* Dataset content *
····················
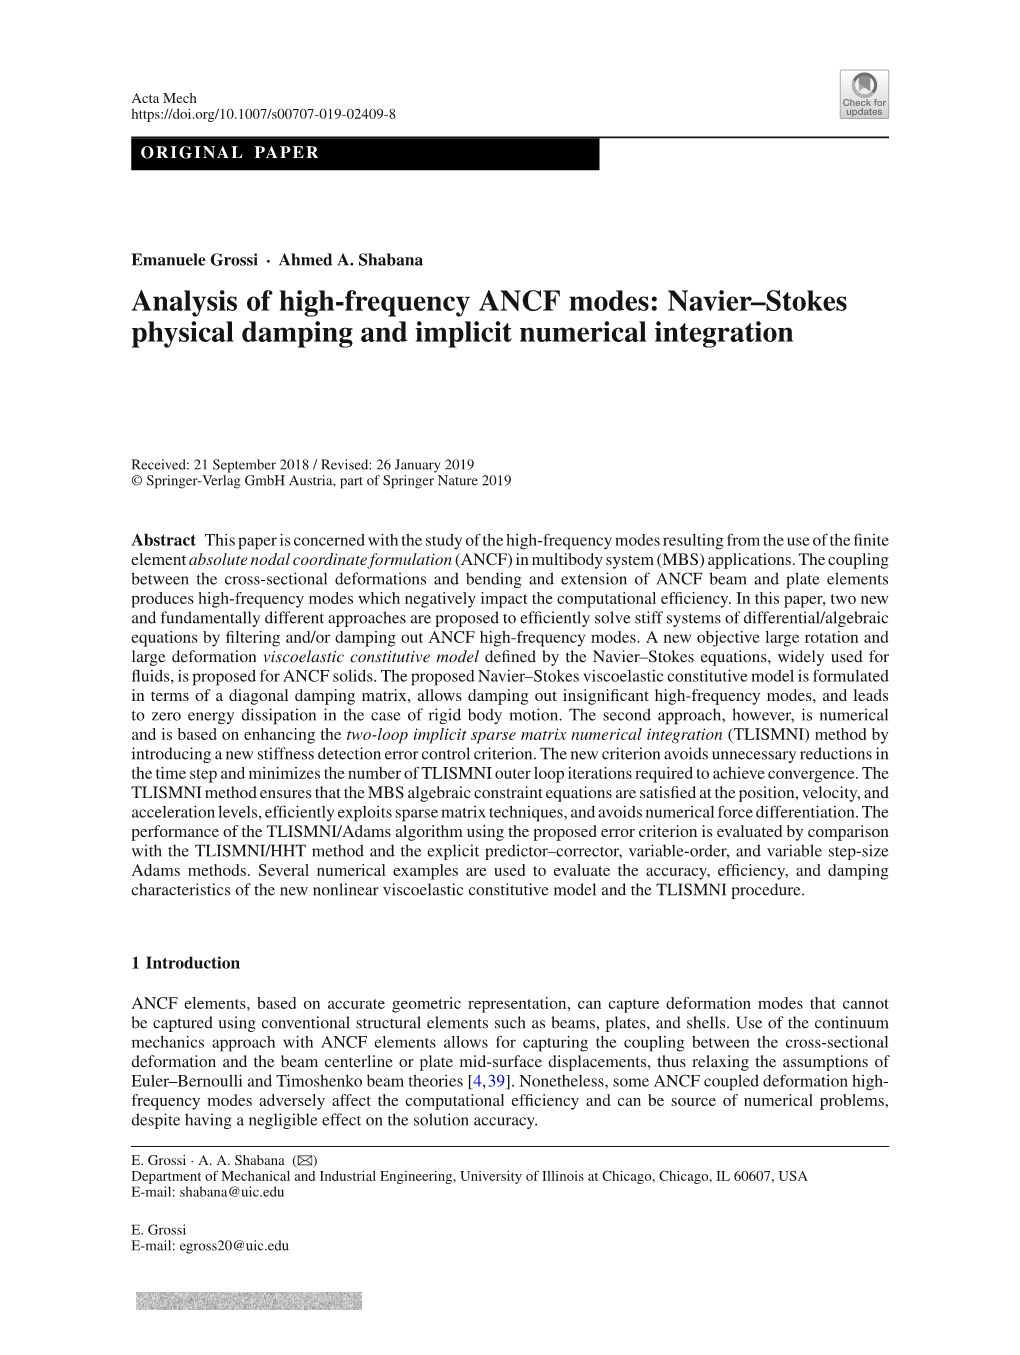 Navier–Stokes Physical Damping and Implicit Numerical Integration
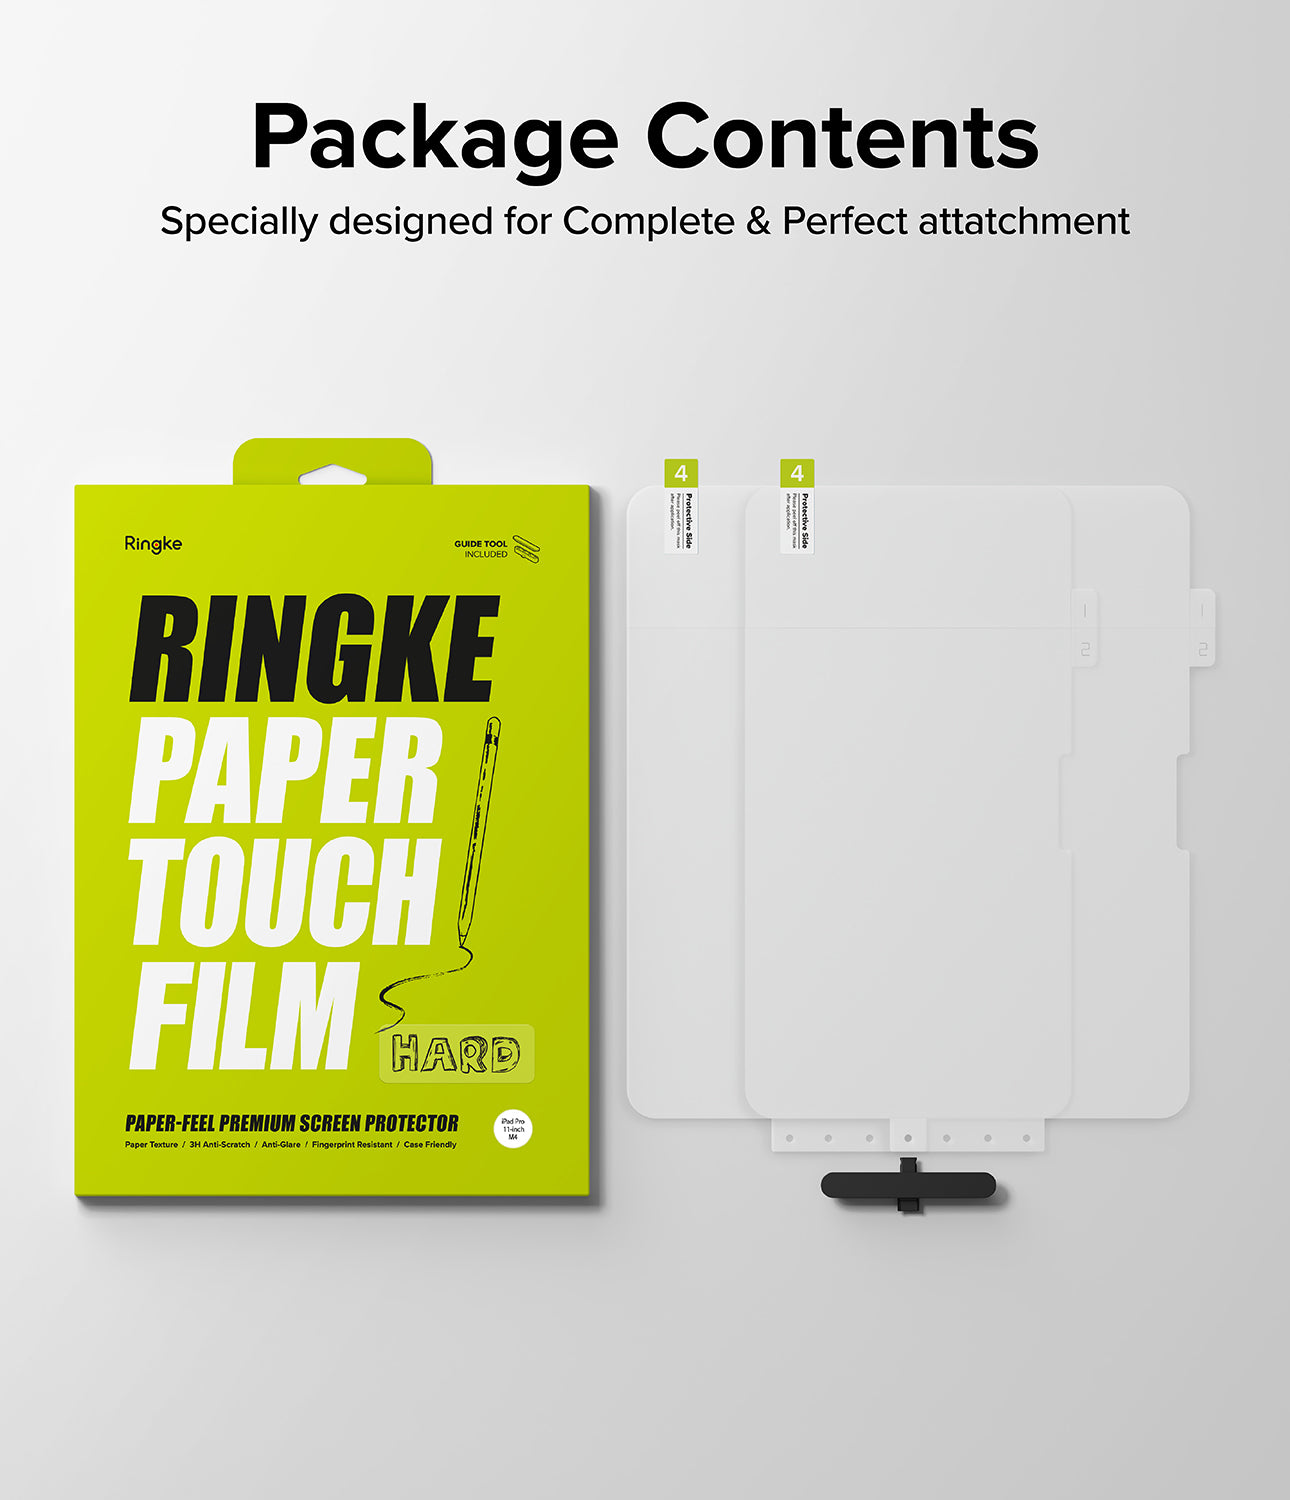 iPad Pro 11" (M4) Screen Protector | Paper Touch Film - Package Contents. Specially designed for Complete and Perfect Attachment.
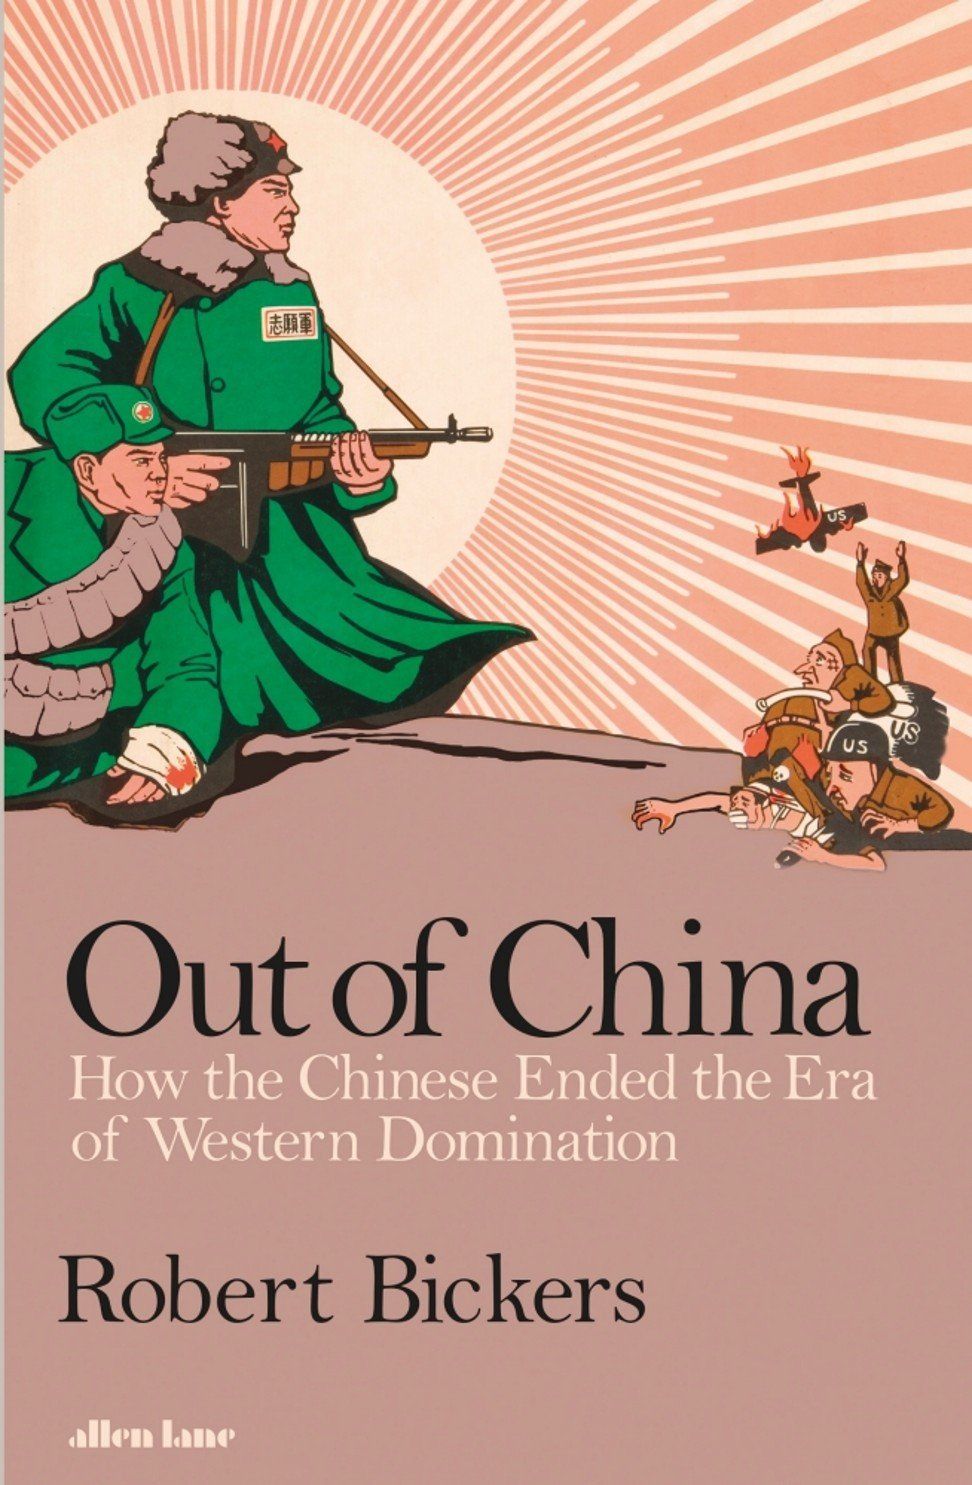 China domination of the 23rd century
····················
Pictures stay out of the copy; print the material above exactly.

 Navier–Stokes Physical Damping and Implicit Numerical Integration
 iPad Pro 11" (M4) Screen Protector | Paper Touch Film - Package Contents. Specially designed for Complete and Perfect Attachment.
 China domination of the 23rd century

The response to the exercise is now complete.